Getting to Goal

We are major advocates on team goals. Having each team member have individual, professional goals is a great way to keep each team member not only playing as a team, but growing individually. And the same goes if they don’t have balance in personal and professional goals.

We start a new team member with goal setting at their 30 day review. This provides enough time for them to have figured out the basics and at 30 days, they start getting overwhelmed at how much they don’t know and want to start feeling like their creating value. Setting goals of what they should be trained on, etc. over the next few months gives them something to focus on and see they are making progress. From there, a 90 Day, 6 month and then annual review is a great place to review and update your new team members goals. Creating and sharing their goals is always a great way to find that they each like a certain part of their job and then you can start training them and letting them grow into pieces of the job. That means they can then move up and grow into new opportunities as well. If we can’t free up some of our time, we can’t grow either! Knowing each other’s goals lets us all grow together.
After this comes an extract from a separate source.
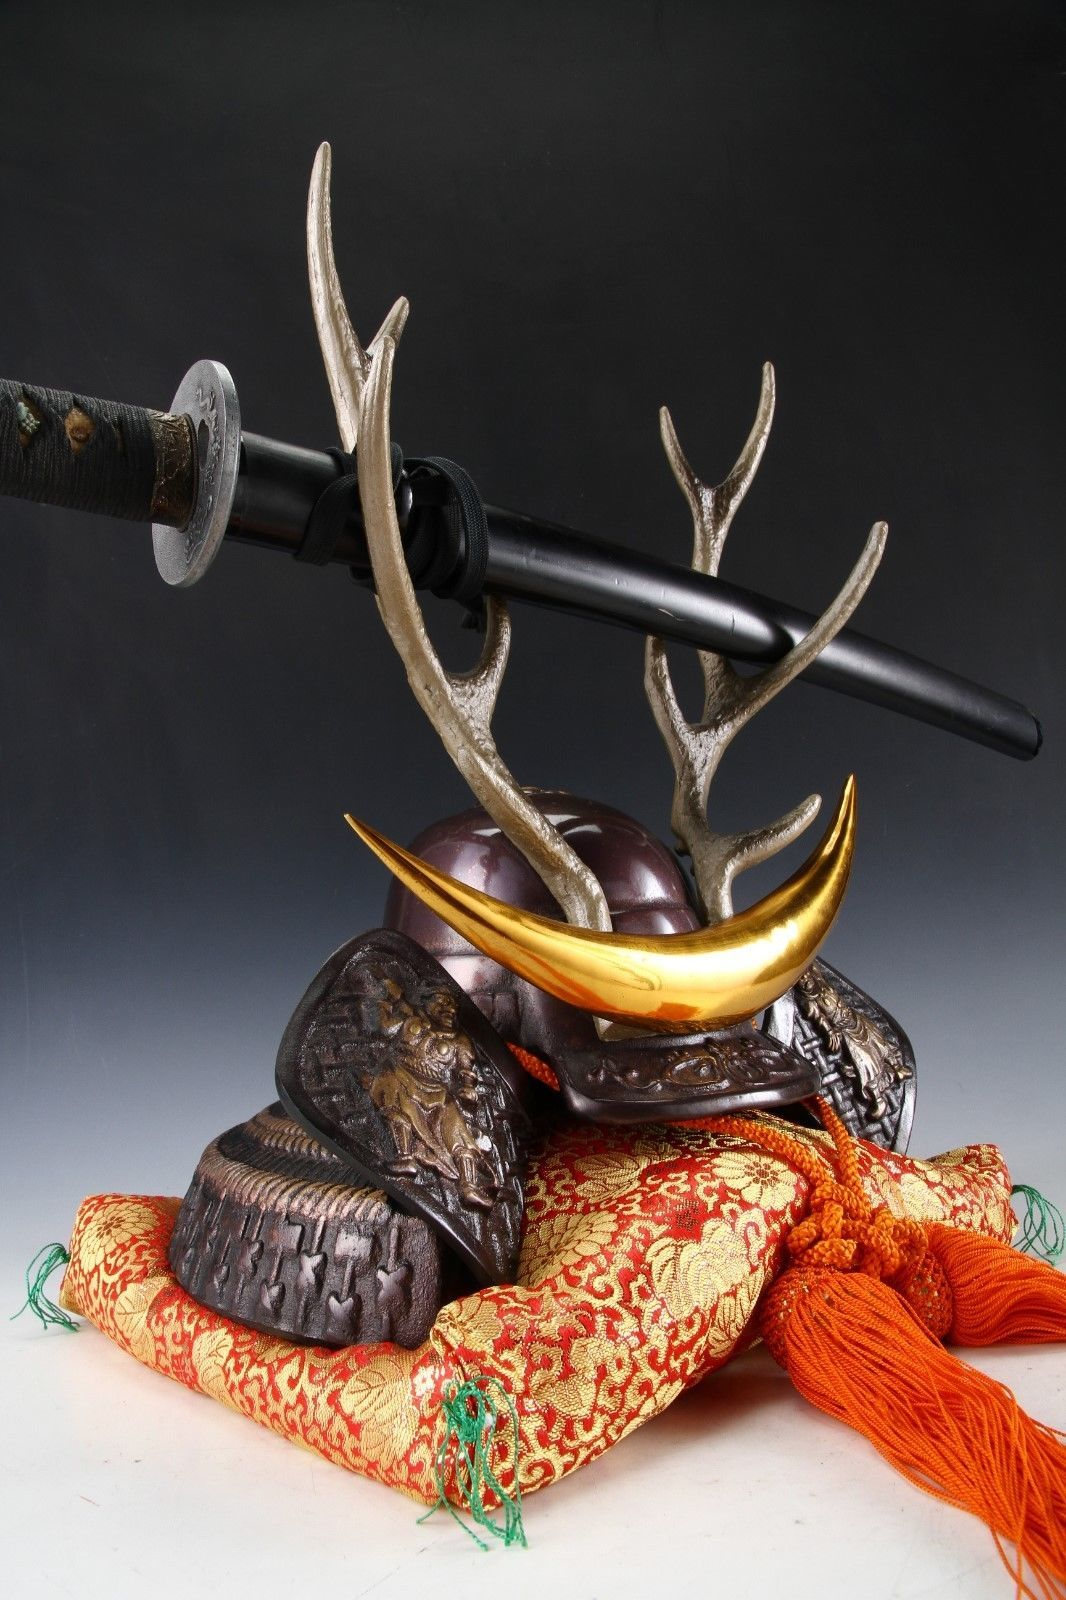 Japanese Beautiful Samurai Helmet -shikanosuke kabuto- with a Replica Blade image 7

Everyone working together on goals first and foremost, allows you to use all of your unique abilities to get something completed. You have talent, use it! Second, it allows your team to focus and work together which avoids a lot of “territorial” issues, such as the marketing department thinking they are more important than the accounting department. And the accounting department thinking the marketing department spends too much money on useless stuff. Team goals allow everyone to understand the purpose of an overall goal and how each person contributes to it. For example, if you set a quarterly revenue goal to meet, the accounting department might appreciate that the “fluffy marketing cocktail hour” the marketing department is hosting will bring in a flood of new client appointments to follow. They may offer to help prepare a budget since that’s what they are good at. The receptionist may offer to make outgoing confirmation calls in her spare time to help the event be a success. After all it’s not the marketing department’s event now; it’s a team event that benefits a team goal.

Incentivize!

Every single time we teach or meet entrepreneurs we are asked the exact same question – every time! “How do I get my team to implement when they are so busy already?” The answer is really, really, really simple. Pay them. It’s funny what we find time for when a bonus is attached to its completion. It’s usually not conscious. I rarely meet a team member that refuses to do something because they aren’t being paid extra for it. And they typically get offended when we recommend it, “I don’t need to get paid extra to do my job…I just simply don’t have the time.” But if you bonus a team member on the completion of something, that makes it stand out in the crowd of “to-do’s” screaming for their attention. It also lets them know it is really important – it draws their focus to what you consider most important for them to complete. We recommend:

1. Quarterly Team Revenue Bonuses – Always have a team bonus that focuses on bringing money in the door. Brinting money in the door makes sure that the company is profitable. We recommend quarterly bonuses. A month is too quick and a year is too long to run at a high intensity without reaping the rewards to get keyed up for next quarter and monthly is not big enough of a check (after taxes) to get very jazzed or committed to the goal;

2. Project Bonuses – these are group projects with one or more team member working together to implement or create something. A project can be an event, a new marketing brochure, a new website, a huge clean up in the office, remodeling….anything that is important to your business to be completed.

3. Individual Bonuses – Designed around the three most important things the team member does for the company so the company makes money. We hate to keep going back to money, but remember, a company without profit + out of business = you out of a J-O-B. And your clients will lose out as well.

If you give great client service, you can serve your clients and make money at the same time! Examples are: for a marketing or sales person, the bonus may be around # of appointments booked, new clients closed, money collected. For a behind the scenes team member, the bonus may be around billings collected, work completed before a deadline or cost cutting project on office supplies. Individual bonuses should be reviewed annually and adjusted as a team member masters how to achieve what you are incentivizing, move the goals so they grow and achieve.

For instance, begin with a bonus for number of appointments scheduled, and then adjust the bonus after a year to number of appointments that go forward and hire the company to encourage the team member to help close the deal by getting preparatory materials out in time and following up to close the deal.

It's tough leading. Learn to balance the needs of yourself with others needs of you. Remember that the stronger the team you build, the more they can support you and provide you the opportunity to grow as an entrepreneur and owning a business versus owing a job. If you let yourself be surrounded with mediocre team, you are boxing yourself into a corner where you can’t get out because you have no one to help you.